Seifer dudó un poco sobre las limitantes de aquel plan. Era demasiado arriesgado separarse, pero no había otra forma. Rinoa se encontraba herida, y podría no tener mucho tiempo.

-Está bien –dijo después de unos minutos-. Ajustemos nuestros relojes y nos vemos en una hora.

-Bien –dijo Selphie y rápidamente dio media vuelta.

-Selphie –gritó Seifer causando que Selphie se frenara de golpe-, ten cuidado. Mantén los ojos muy abiertos.

Selphie le devolvió una sonrisa a Seifer indicándole que haría lo posible por encontrar a Rinoa. Sabía que seguía queriéndola de alguna forma. No dudaba que quisiera localizarla. Pero algo en el fondo le decía que había algo más. No quería pensar en ello. Tenía que apurarse y bajar aquella ladera. Contaba con tan solo una hora y no la desperdiciaría en lo más mínimo.

Seifer avanzaría hacia el rio que no estaba muy lejos.
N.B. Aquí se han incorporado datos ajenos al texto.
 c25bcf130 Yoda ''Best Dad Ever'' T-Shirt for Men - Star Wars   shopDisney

Tenía que encontrarla antes de que acabara el tiempo. Antes de que el sol se metiera ya que esto haría imposible su búsqueda. No podía perderla en aquel lugar. No de aquella manera.
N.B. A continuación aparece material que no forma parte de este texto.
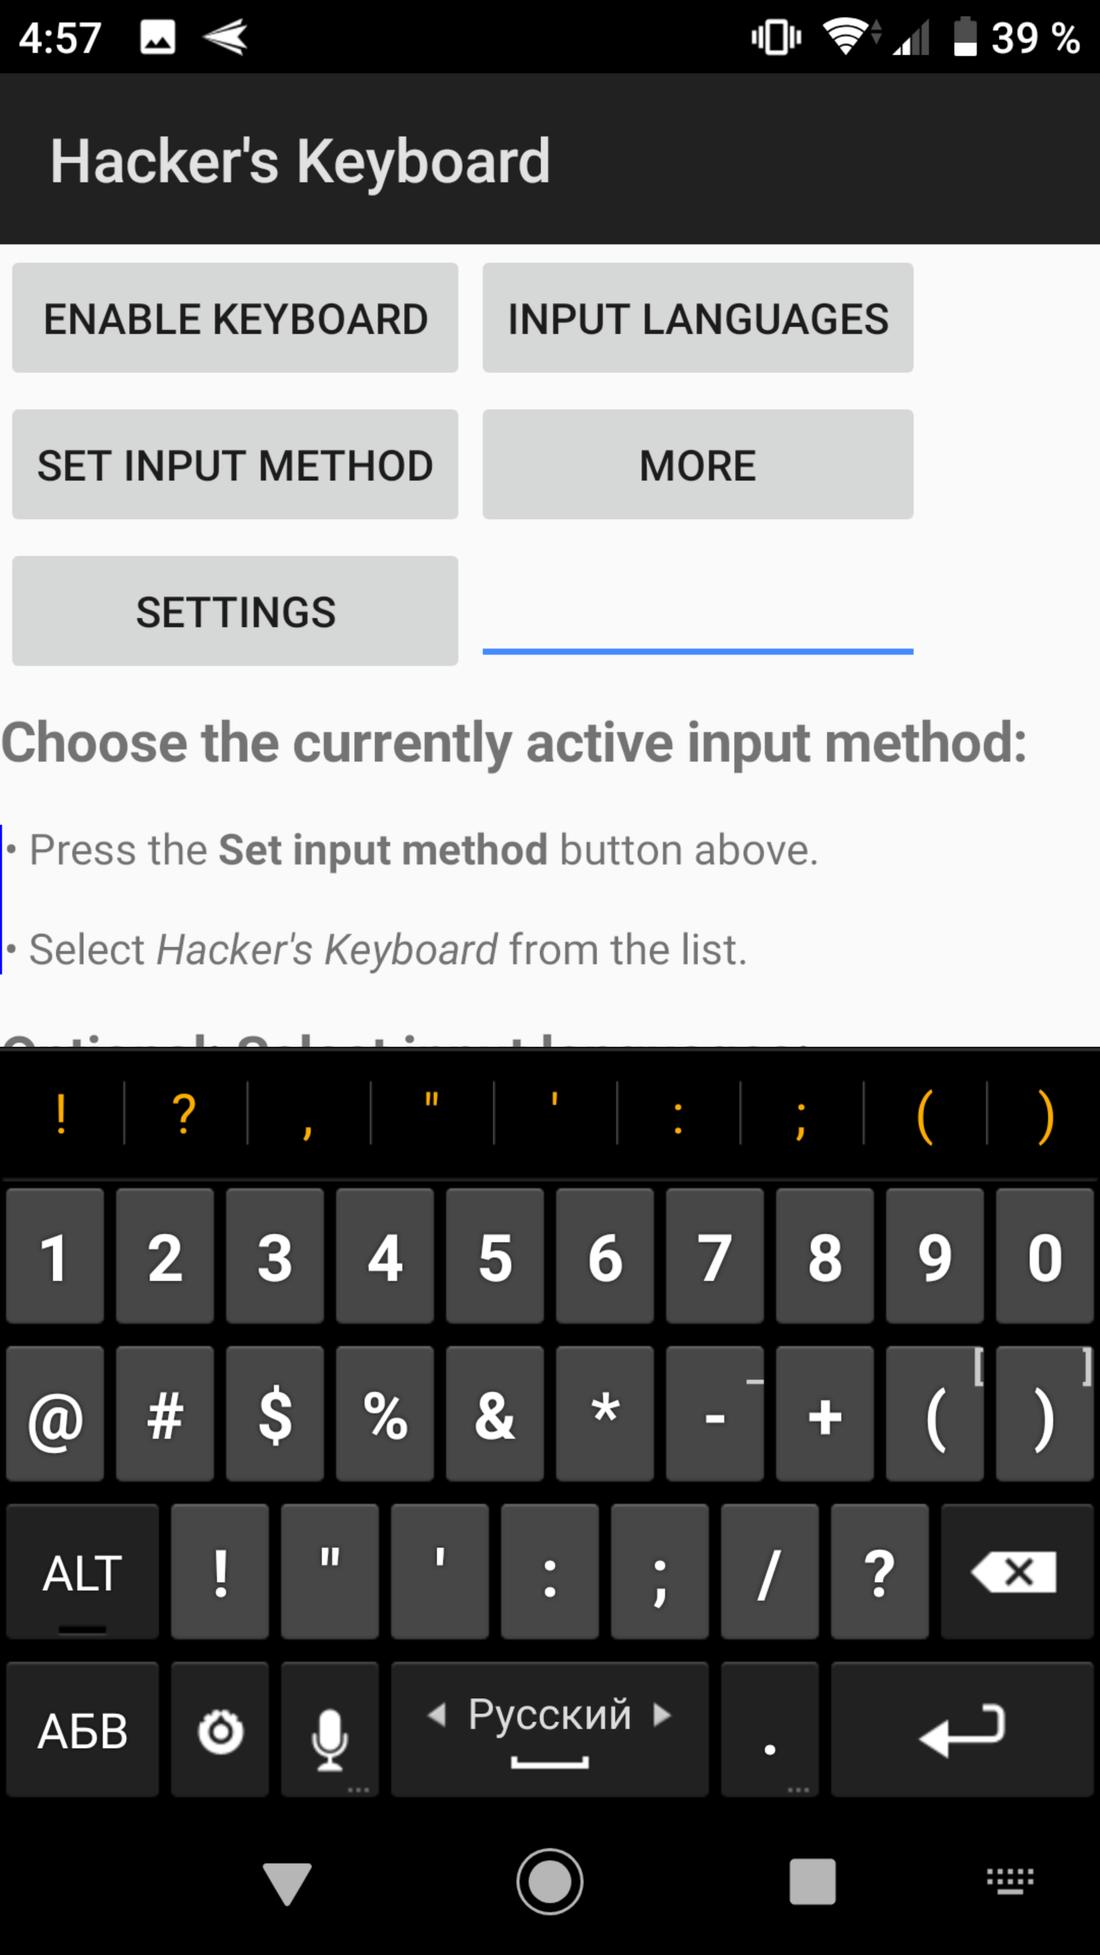 Скриншот #3 из программы Hacker\'s Keyboard

-Resiste Rinoa –pensó Seifer Almásy, cuando comenzaba a correr bajo la lluvia que nuevamente caía sobre aquel misterioso bosque…

/

Las pisadas sobre aquel lodoso suelo cortaban de manera instantánea el silencio que se había apoderado del grupo después del último contacto con Seifer y Selphie. Los chicos habían comenzado a correr después de la explicación de Seifer, acerca del lugar donde se encontraban exactamente.

Squall supo al instante su posición. ¿Cómo no saber llegar a aquel sitio? Si era el lugar donde se había conseguido aquella cicatriz que le atravesaba el rostro. Era el lugar donde "practicaba" con Seifer cuando ambos tenían tiempo. Así que no dudo en ponerse en marcha para llegar lo más pronto posible a aquella ubicación.

Rinoa se encontraba dentro de aquel misterioso bosque. No dudaba de sus habilidades, pero un T-rex era demasiado imposible hasta para alguien tan preparado como un See'D. Tenía que resistir hasta su llegada, ya faltaba poco.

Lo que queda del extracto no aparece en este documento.